Bioinformatics pipelines included diversity assessment, taxonomic profiling, functional annotation, and discriminant analysis (LEfSe).
The gradient of diversity loss tracked with disease severity, with mild IBD cases showing intermediate values between healthy controls and severe IBD.
Results
Taxonomic profiling revealed depletion of crAss-like phages and Microviridae in IBD patients.
crAss-like phages, considered core members of the healthy gut virome, were depleted across IBD groups.
Microviridae were also reduced in IBD compared to healthy controls.
These phages are generally considered to be associated with microbial balance and protective functions in the healthy gut.
LEfSe discriminant analysis was used to identify taxonomic signatures differentiating IBD groups from controls.
Results
Caudovirales families, specifically Siphoviridae and Myoviridae, were enriched in IBD patients.
Siphoviridae and Myoviridae were enriched in IBD groups relative to healthy controls.
These families belong to the order Caudovirales and are double-stranded DNA bacteriophages.
Enrichment of these families was identified through metagenomic taxonomic profiling and LEfSe analysis.
Their enrichment in IBD may be associated with altered bacterial host communities and amplified host inflammation.
Results
Among eukaryotic viruses, Anelloviridae were prominent in severe IBD and Herpesviridae were enriched specifically in severe UC.
Anelloviridae abundance was elevated in both severe UC and severe CD groups.
Herpesviridae enrichment was found specifically in severe UC but not specifically highlighted in severe CD.
These eukaryotic viral signatures were identified through metagenomic next-generation sequencing and taxonomic profiling.
The selective enrichment of eukaryotic viruses in severe disease groups suggests a potential role in disease severity stratification.
Results
Functional annotation revealed enrichment of structural and lytic phage proteins in severe IBD groups, while lysogeny-associated domains were more abundant in healthy controls.
Structural and lytic phage functional proteins were enriched in severe UC and severe CD groups.
Lysogeny-associated functional domains were more abundant in healthy control samples.
This functional shift suggests a transition from temperate (lysogenic) to lytic phage activity associated with IBD severity.
Functional annotation was performed as part of the bioinformatics pipeline applied to metagenomic sequencing data.
Results
Random forest classifiers based on viral features achieved an AUC of 0.89 for distinguishing IBD from controls and 0.83 for classifying mild versus severe disease.
Predictive modeling was performed using random forest classifiers.
The model achieved an AUC of 0.89 for distinguishing IBD patients from healthy controls.

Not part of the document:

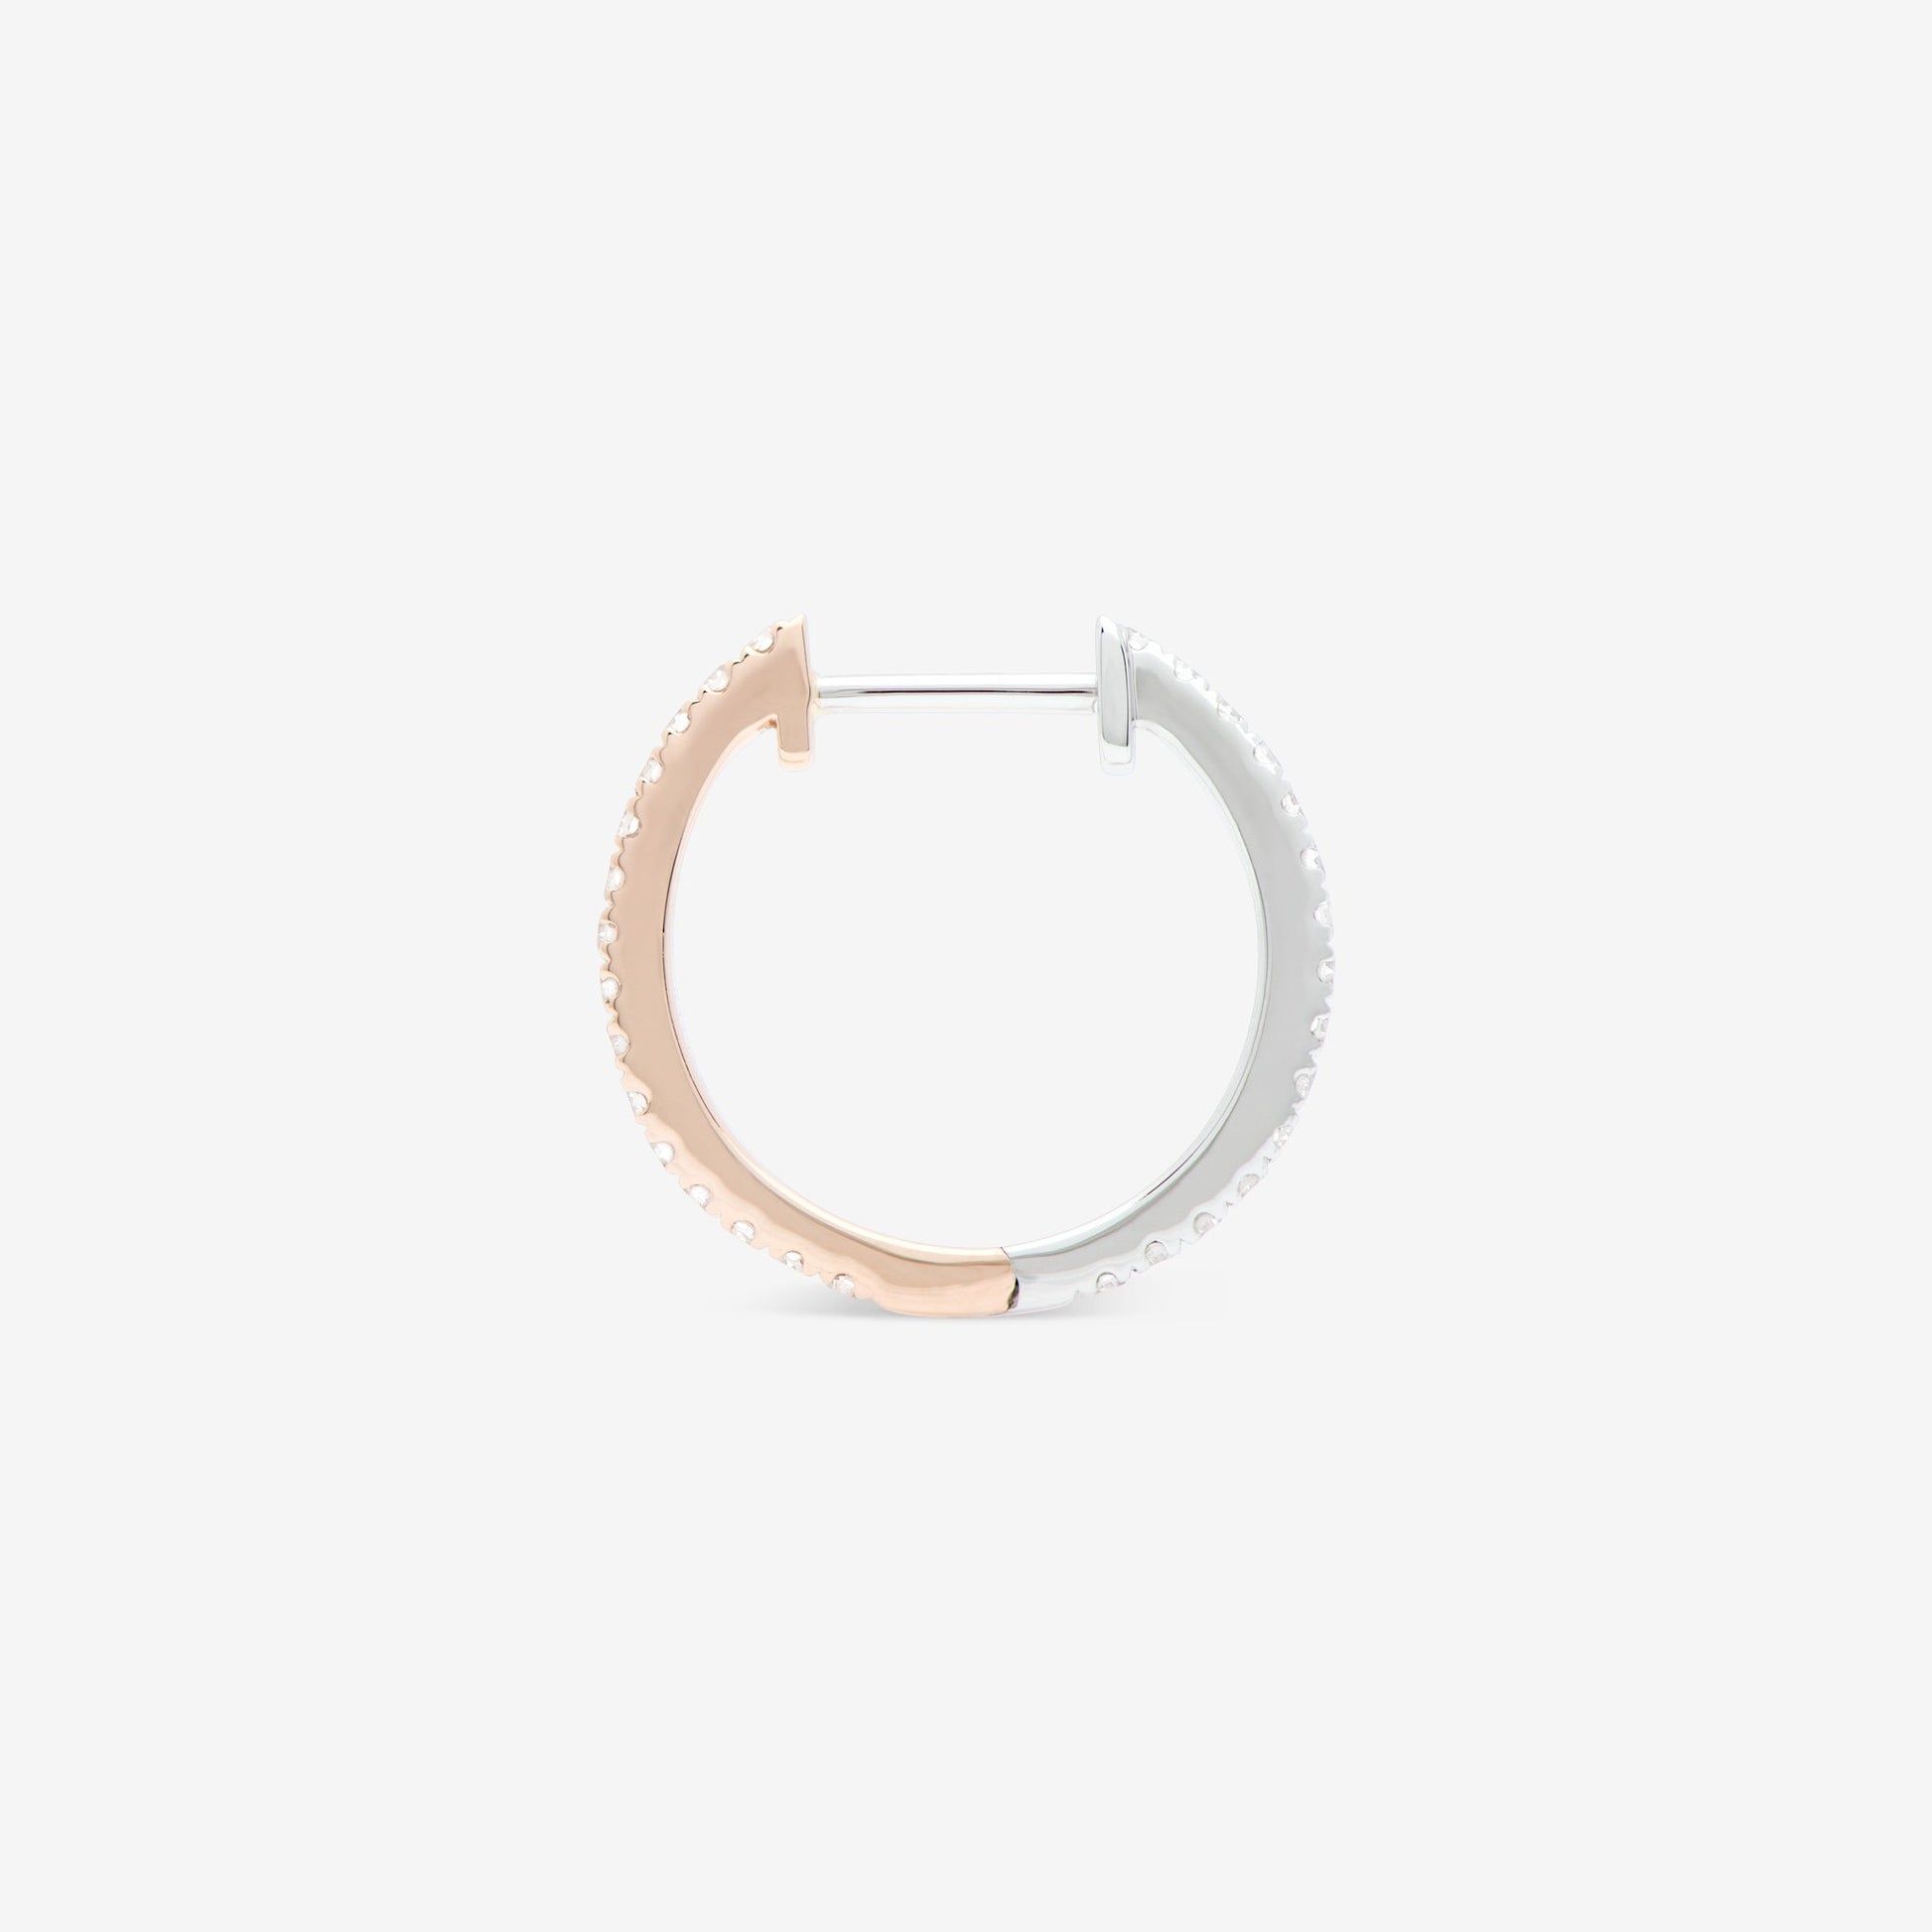 ENNUI Atelier 14mm hoop with white diamond set in rose and white gold from side
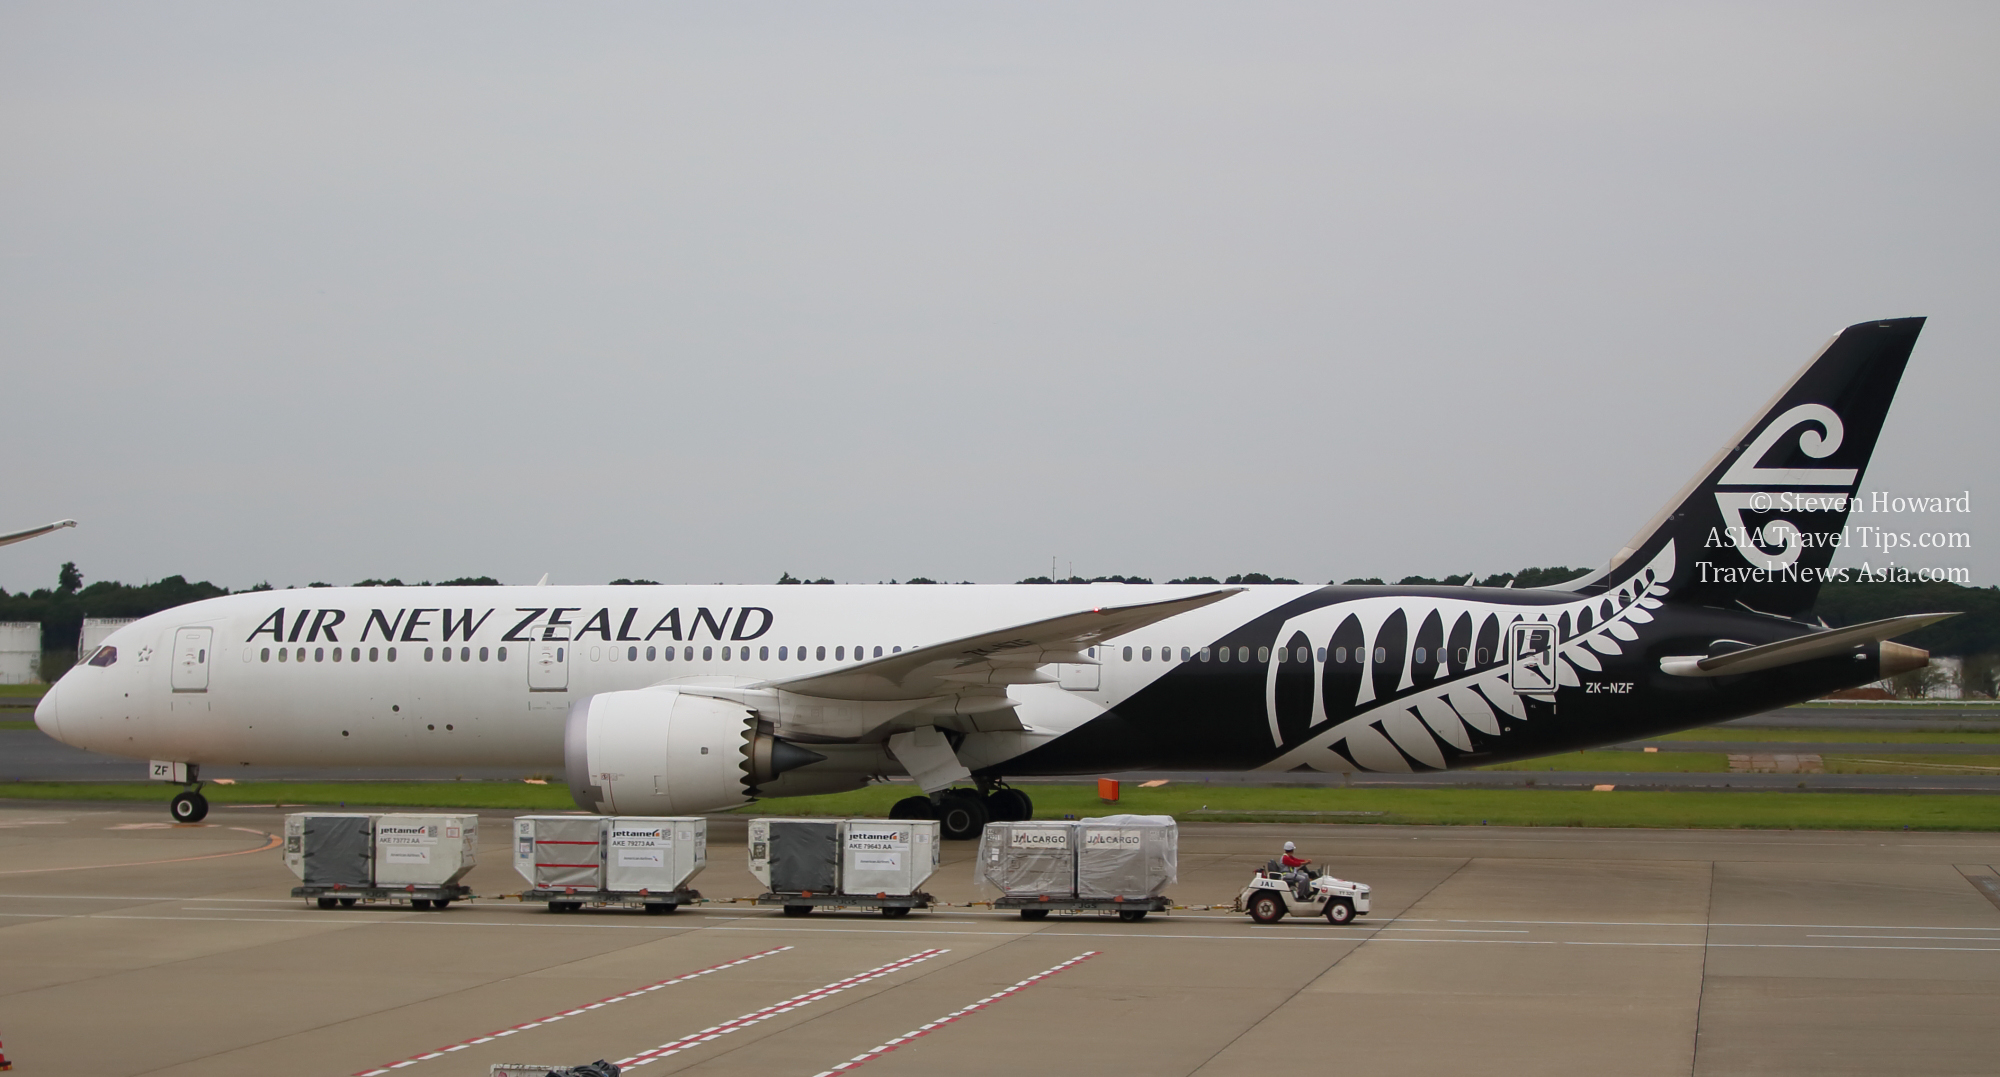 Air New Zealand Boeing 787-9 reg: ZK-NZF. Picture by Steven Howard of TravelNewsAsia.com Click to enlarge.

The model achieved an AUC of 0.83 for classifying mild versus severe disease.
The authors described these results as 'appropriate accuracy' for virome-based classification.
These results suggest virome features may have potential as biomarkers for non-invasive diagnosis and severity stratification in IBD.
Conclusions
The study authors concluded that virome features may have potential as biomarkers for non-invasive diagnosis and severity stratification in IBD, but require validation in larger and longitudinal cohorts.
The study was cross-sectional with a total of fifty participants across five groups (n=10 per group), limiting generalizability.
The authors explicitly noted the need for 'validation in larger and longitudinal cohorts.'
The study was conducted at a single center in Tabriz, Iran.
The findings collectively suggest that the gut virome is altered in IBD in a severity-dependent manner.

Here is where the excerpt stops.